## Task details
What you write should match, word for word, the lines from the one containing "July 28, 1838" through the end of the data, with no pictures.

## Input data
* * * *

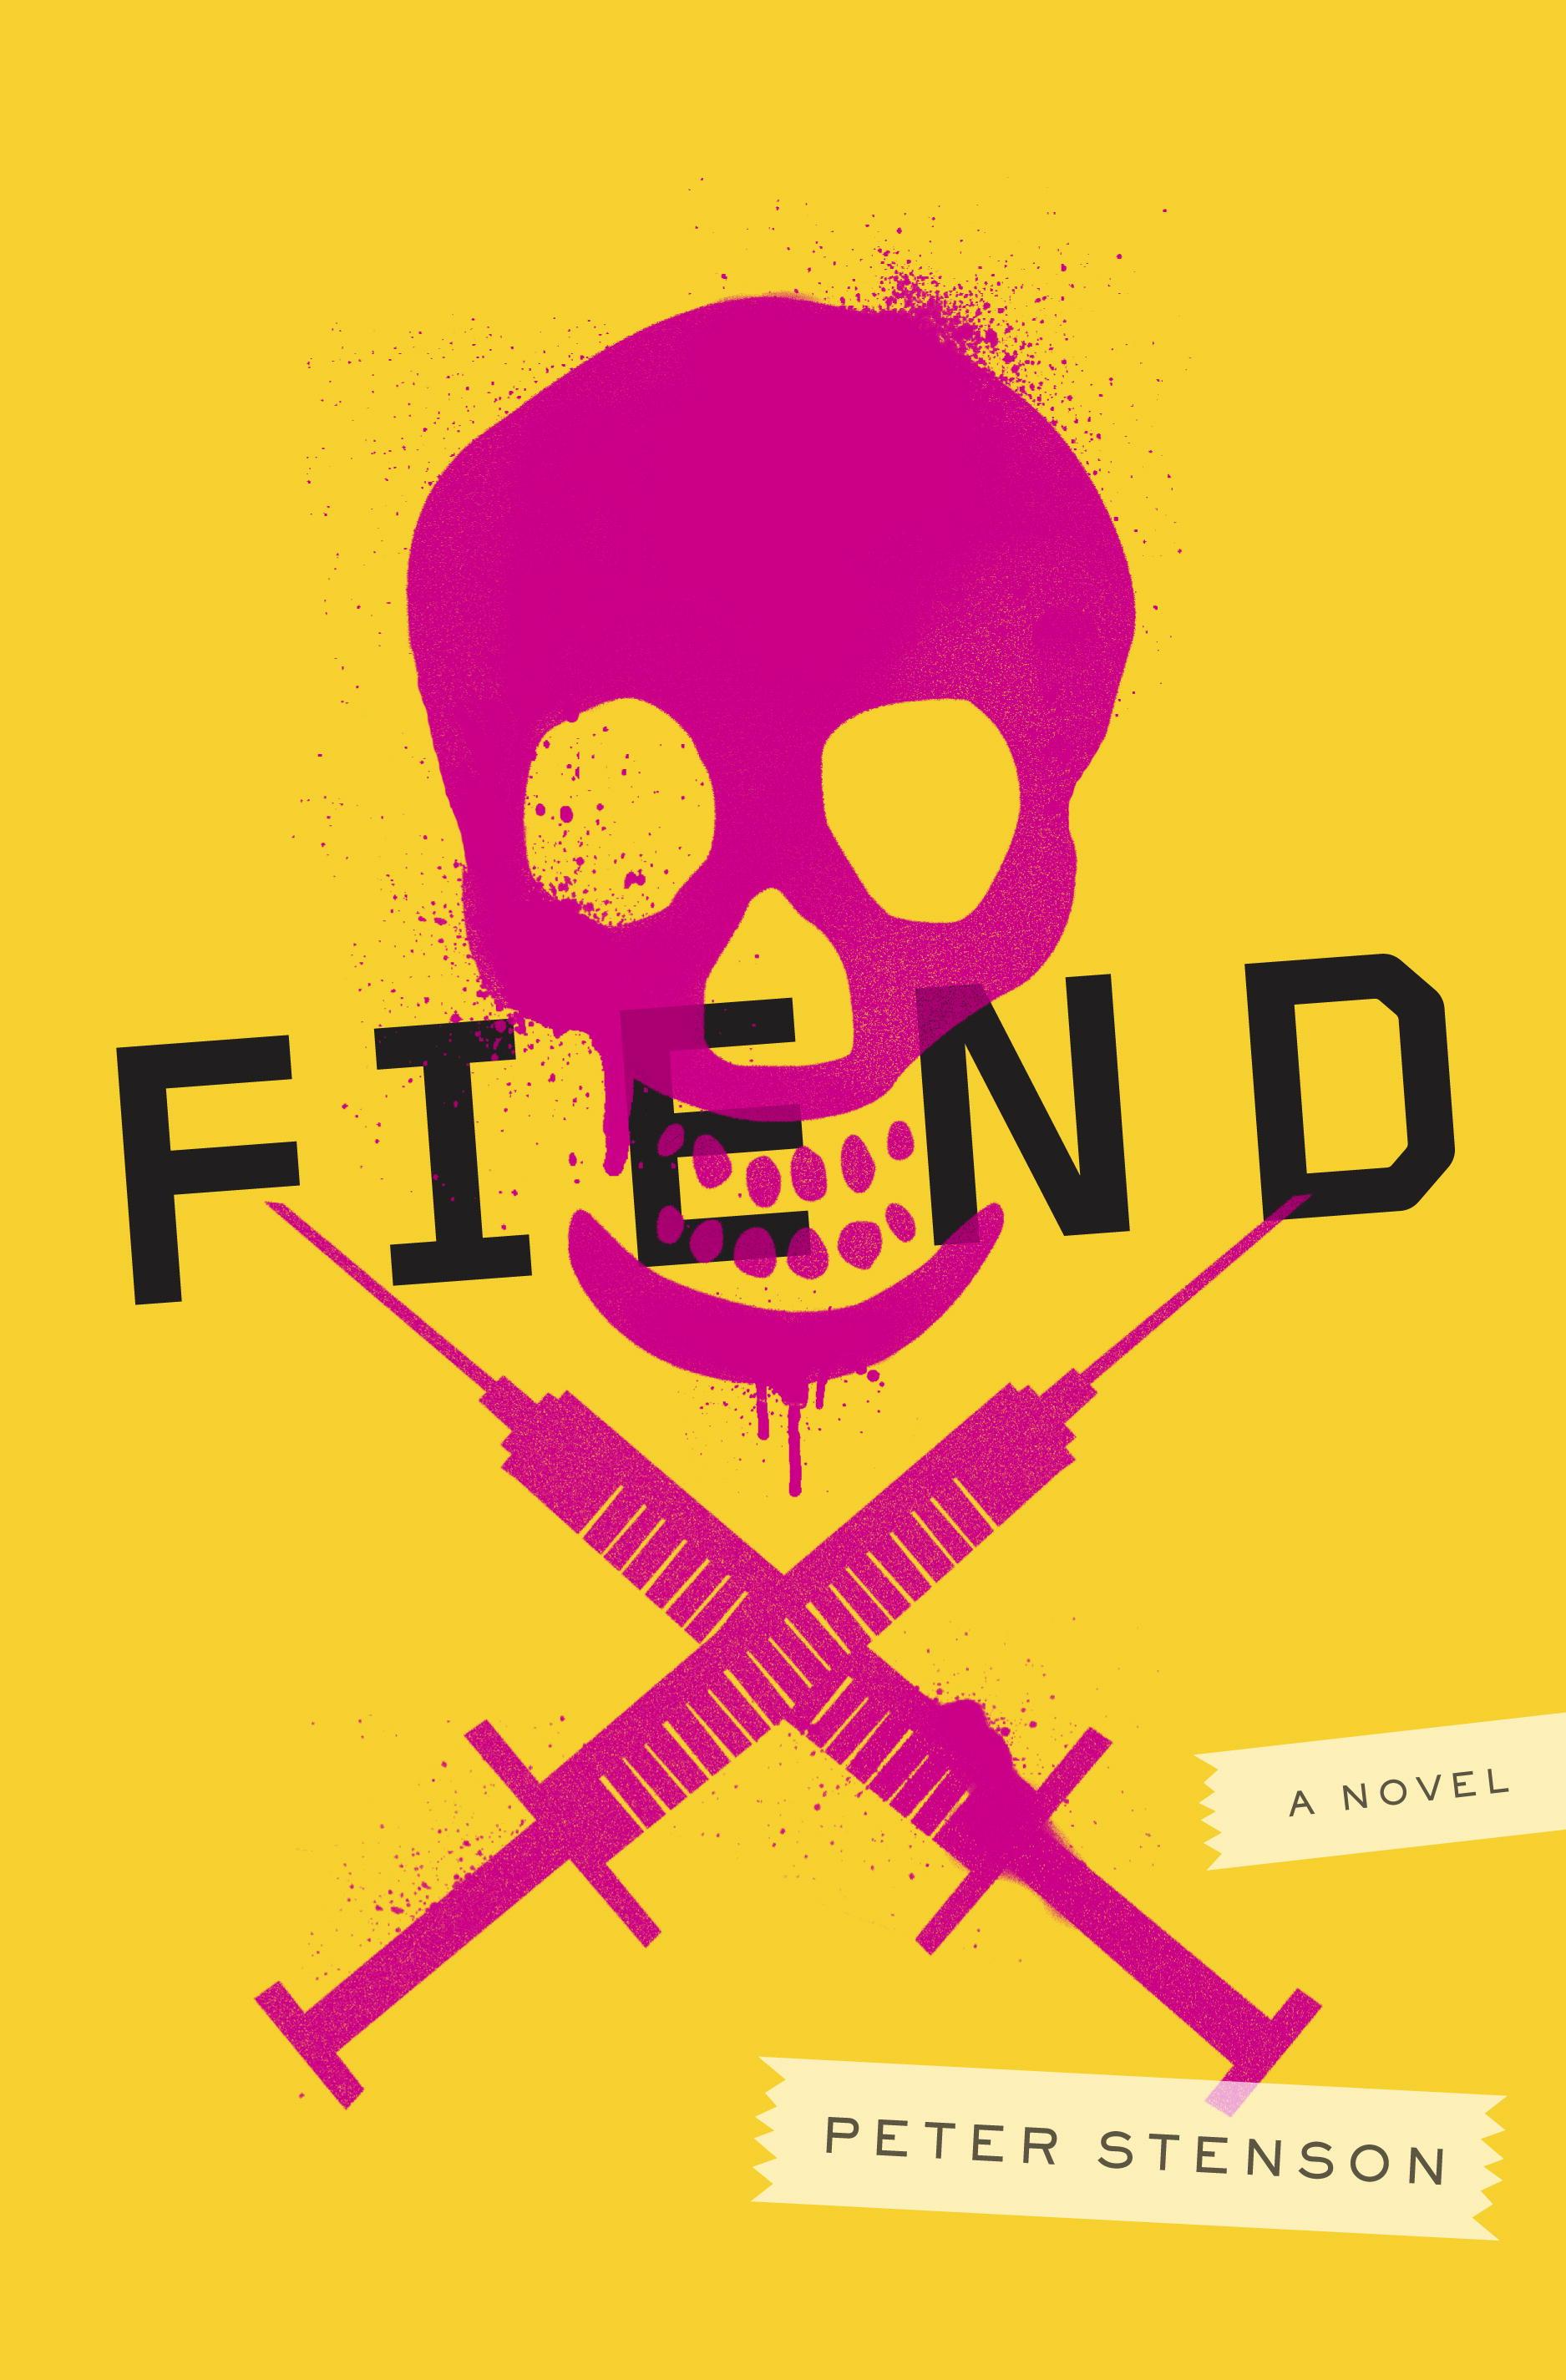 FIEND cover
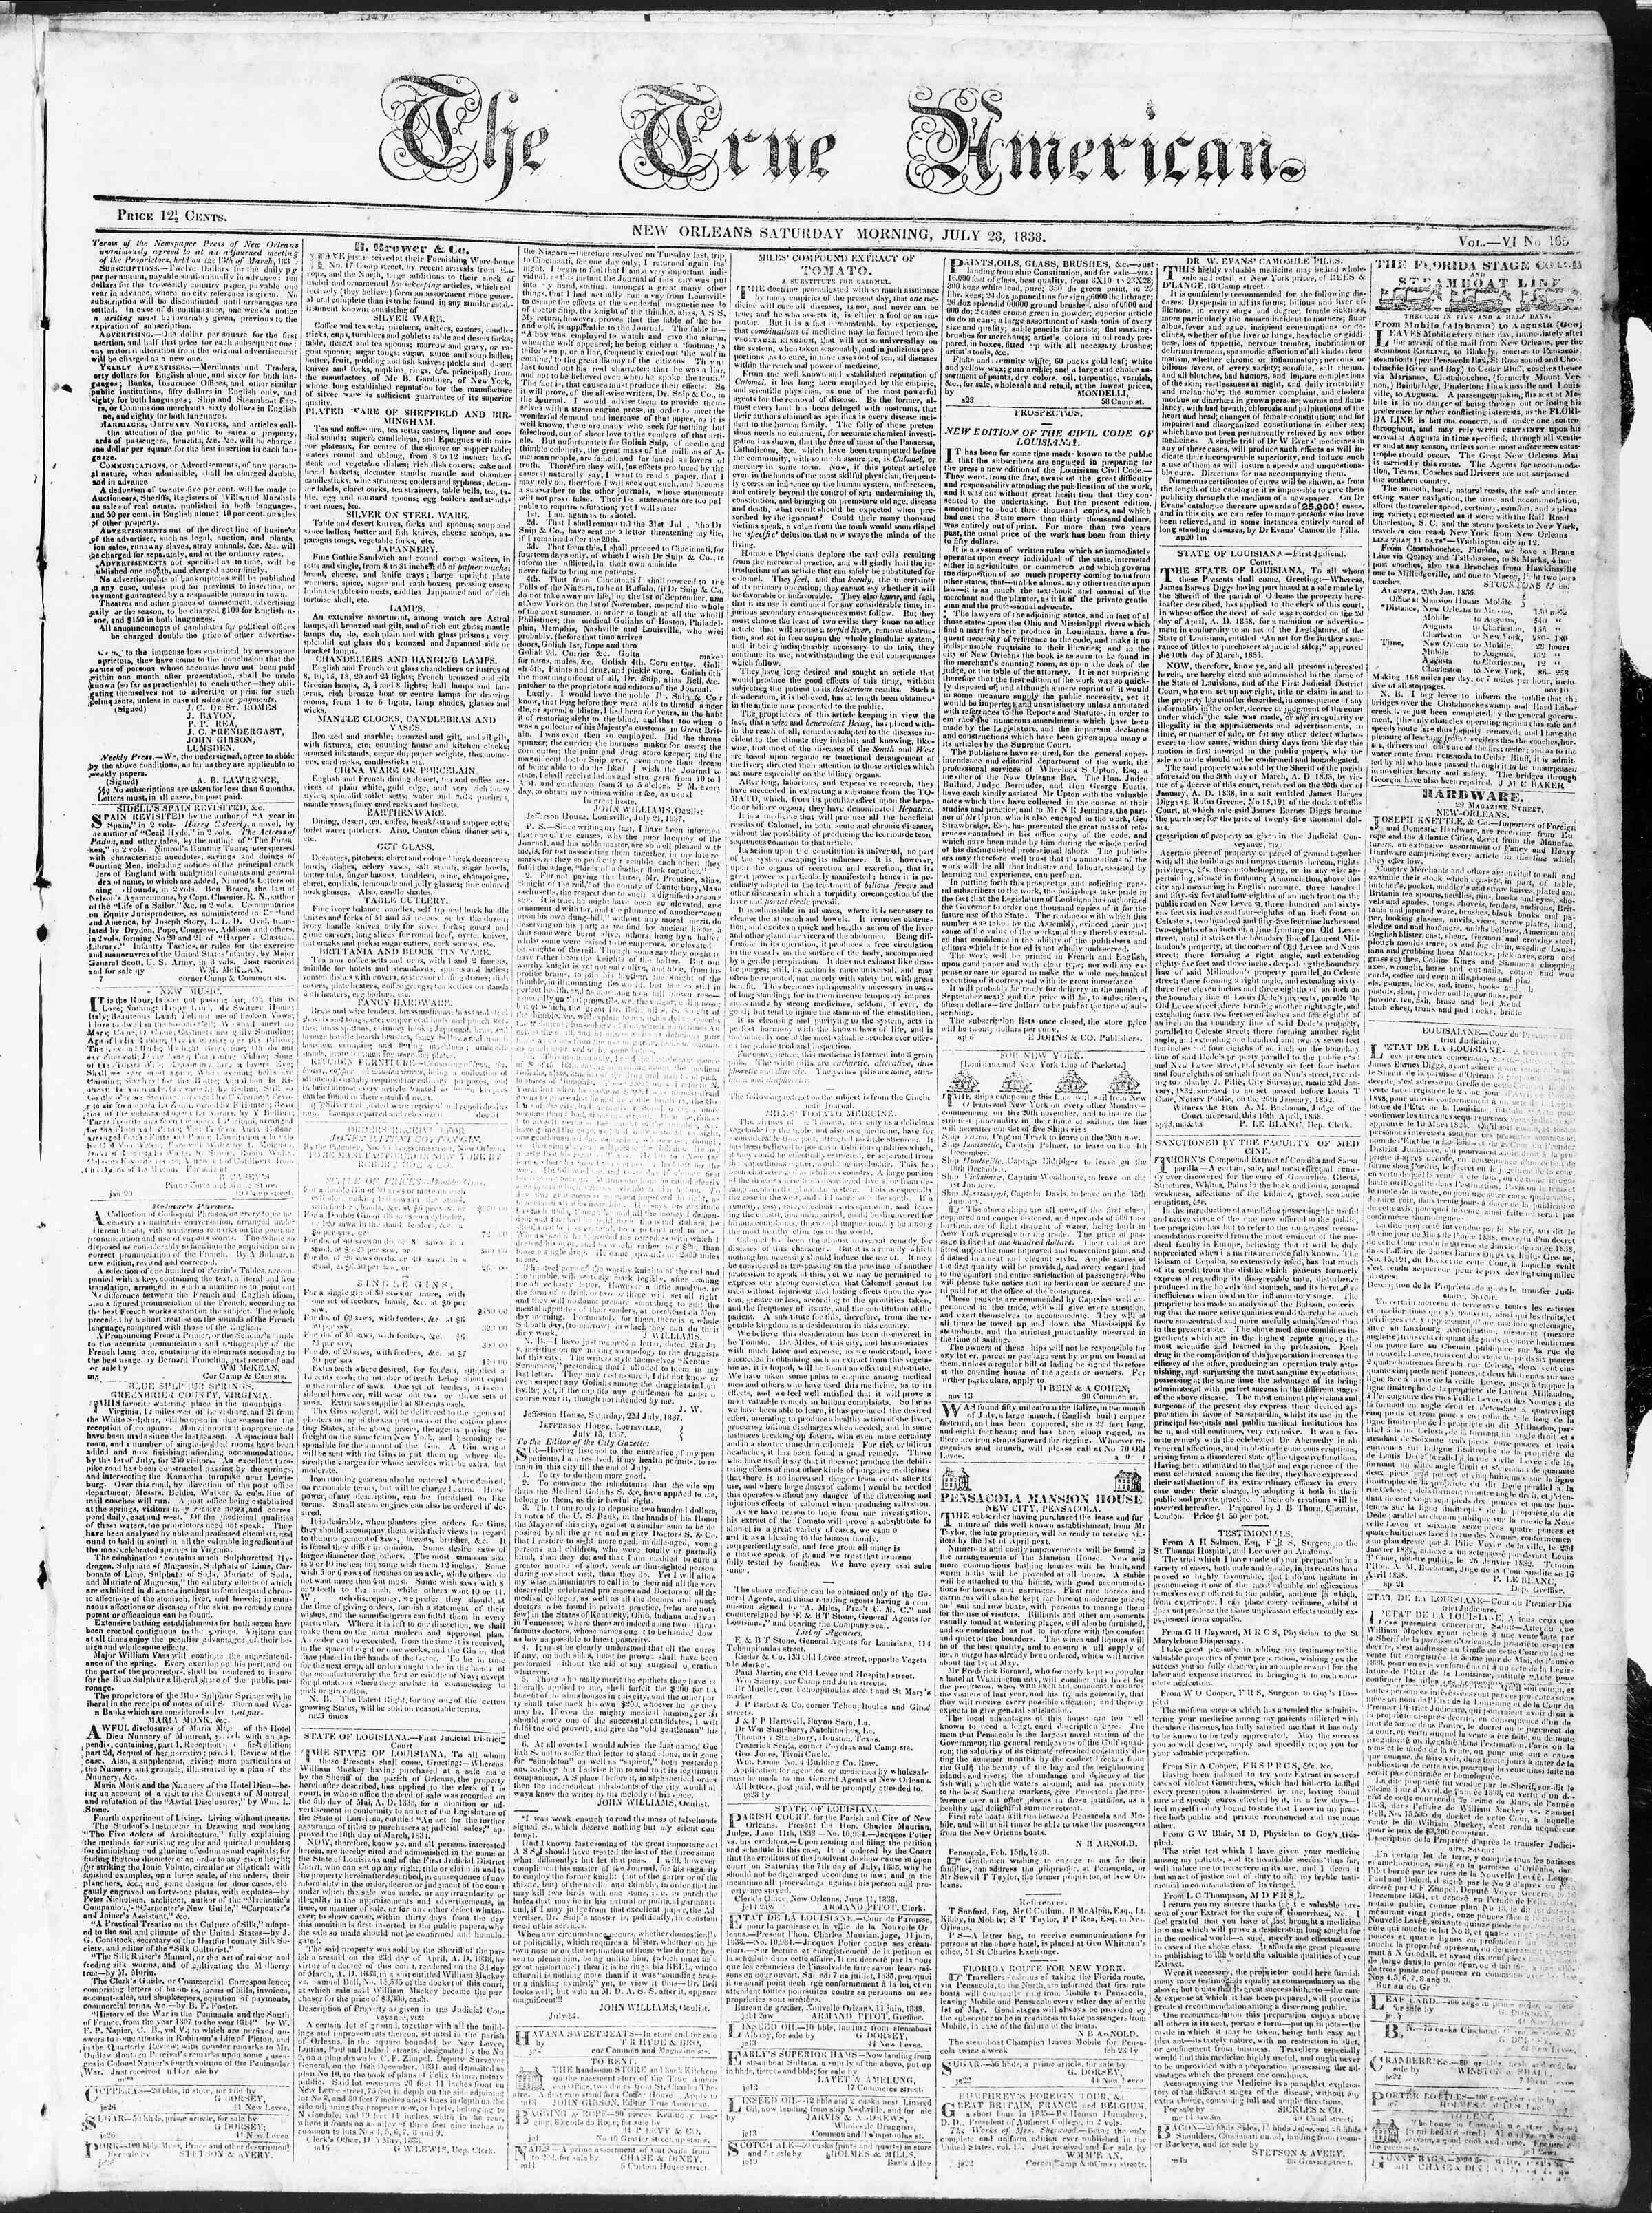 July 28, 1838 Tarihli True American Gazetesi Sayfa 1
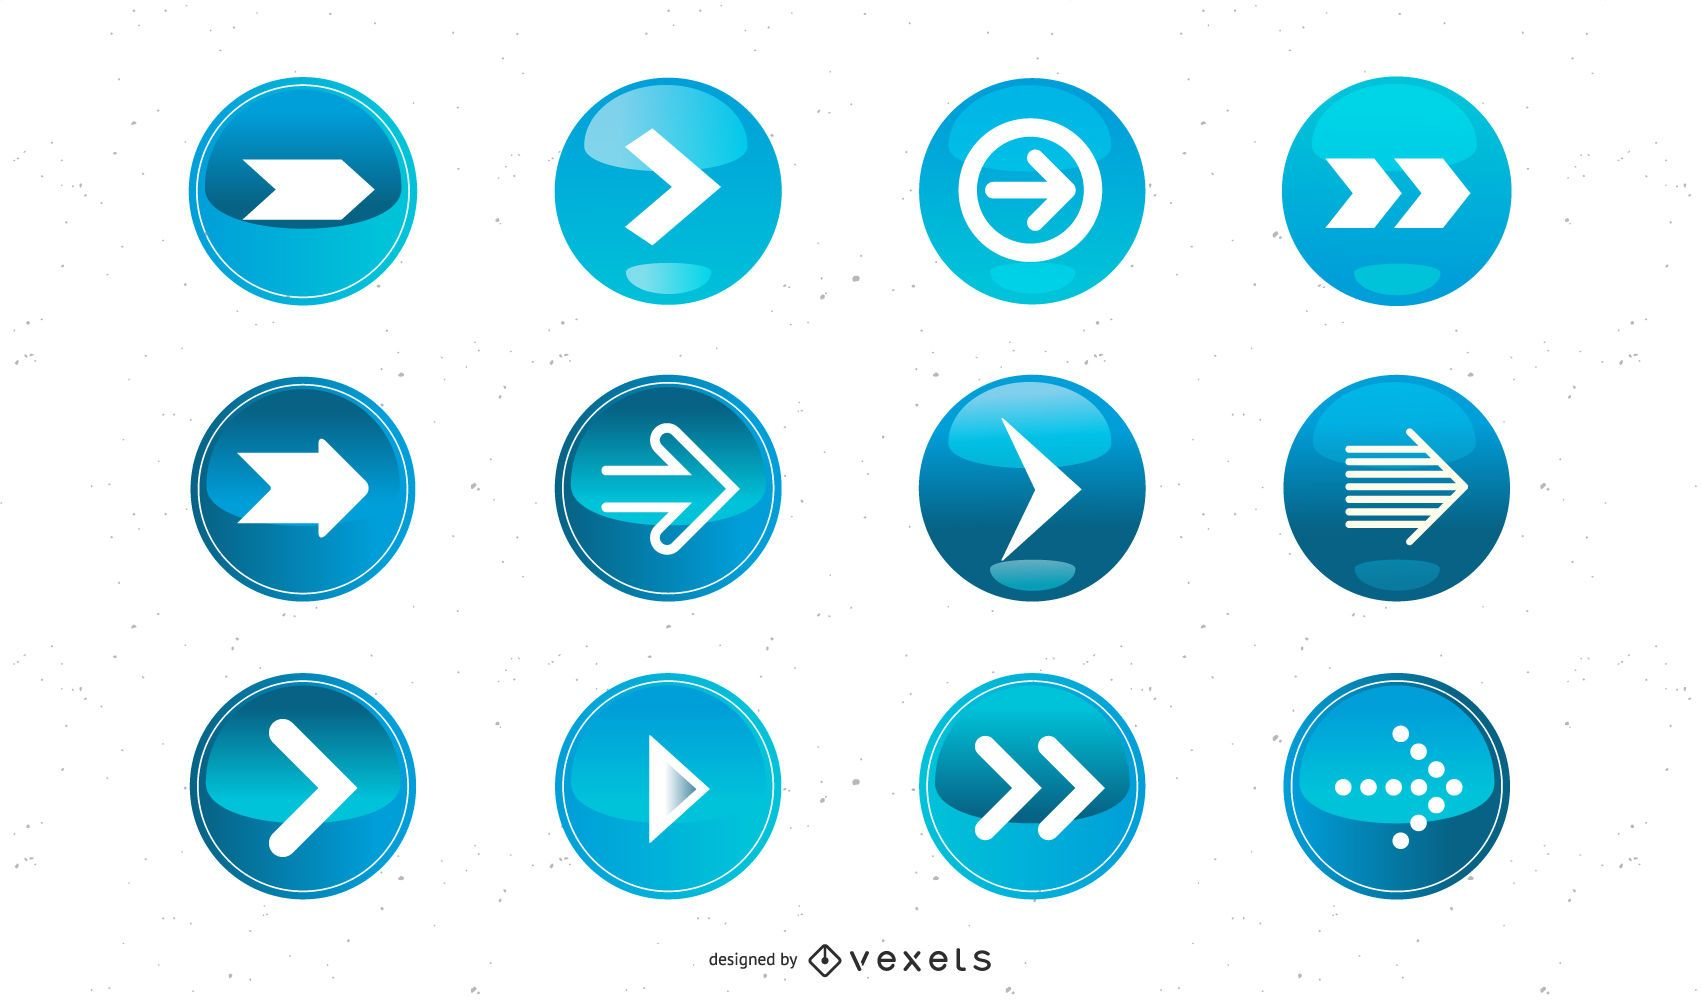 Paquete de flechas 3D en azul brillante

* * * *

## Completed exercise
 July 28, 1838 Tarihli True American Gazetesi Sayfa 1
 Paquete de flechas 3D en azul brillante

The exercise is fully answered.